*Data section*
<<<<
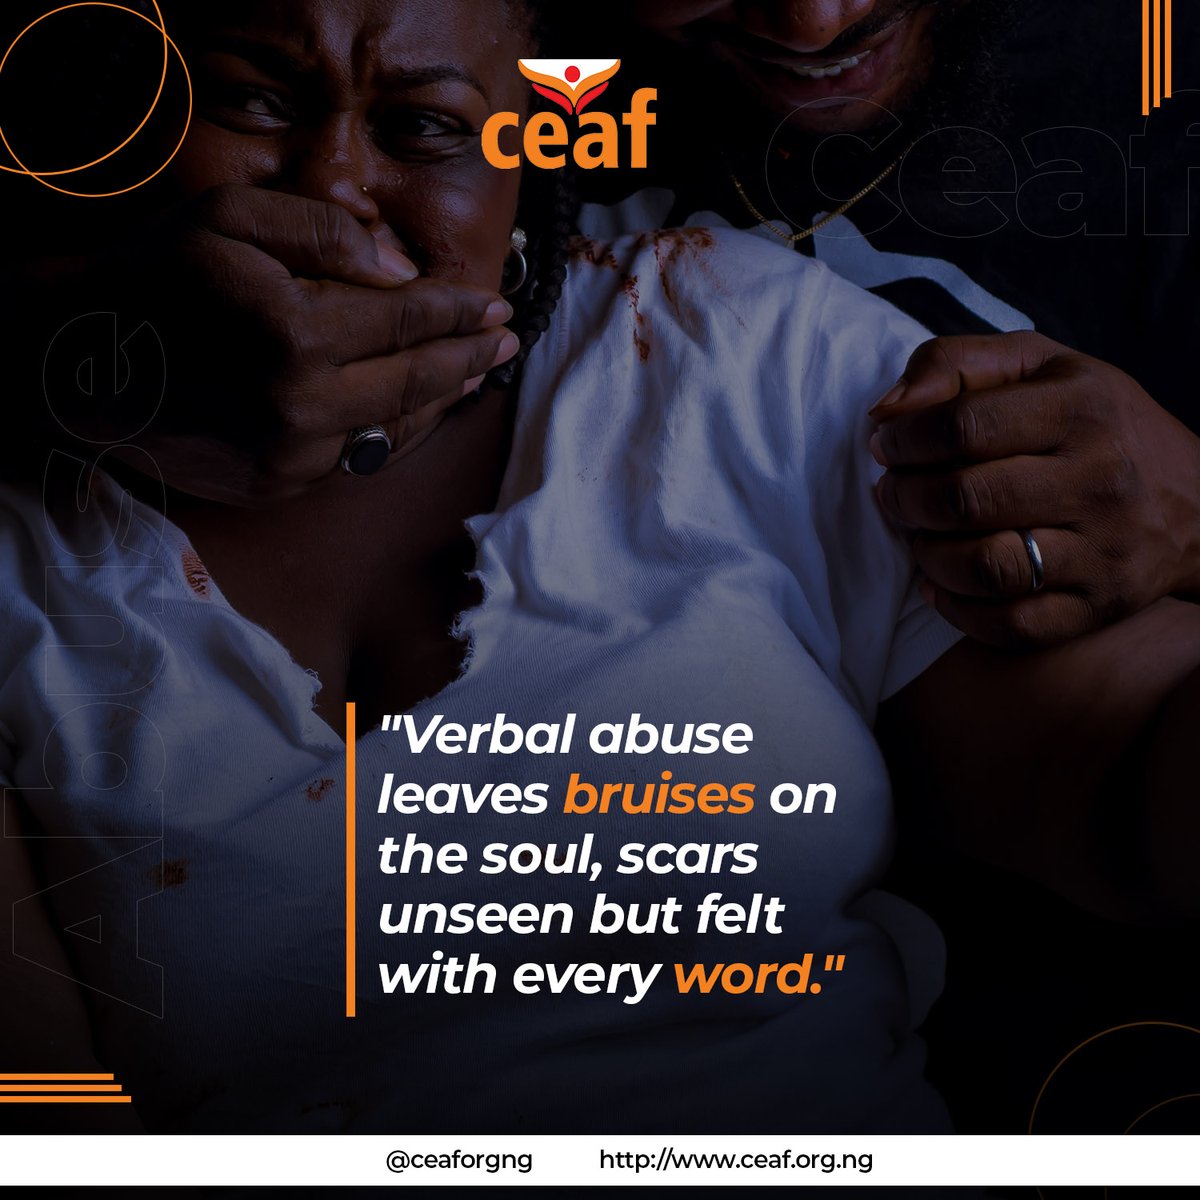 Verbal abuse can lead to emotional distress, anxiety, depression, and low self-esteem. Constant criticism and belittlement can erode one's sense of self-worth and self-confidence.
#ceaforgng #ceafproject #WomenEmpowerment #SayNoToDomesticViolence #LeaveToLive
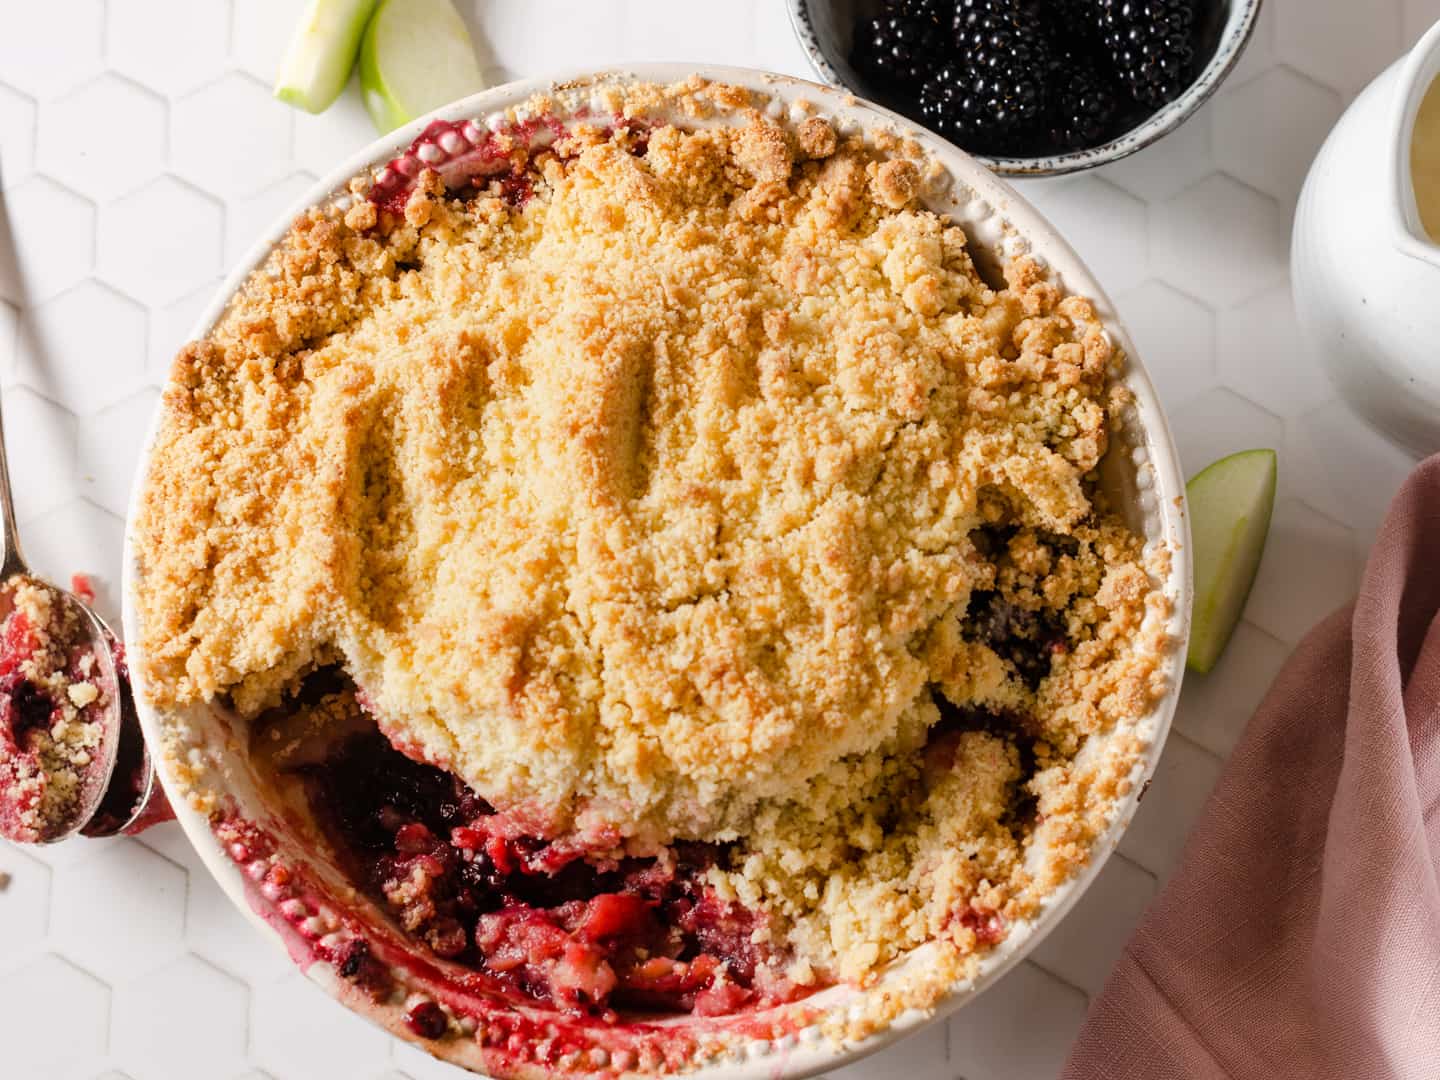 A blackberry and apple crumble freshly out of the oven.
>>>>
*What you have to do*
Output the lines above verbatim, images excluded.

*Response*
 Verbal abuse can lead to emotional distress, anxiety, depression, and low self-esteem. Constant criticism and belittlement can erode one's sense of self-worth and self-confidence.
#ceaforgng #ceafproject #WomenEmpowerment #SayNoToDomesticViolence #LeaveToLive
 A blackberry and apple crumble freshly out of the oven.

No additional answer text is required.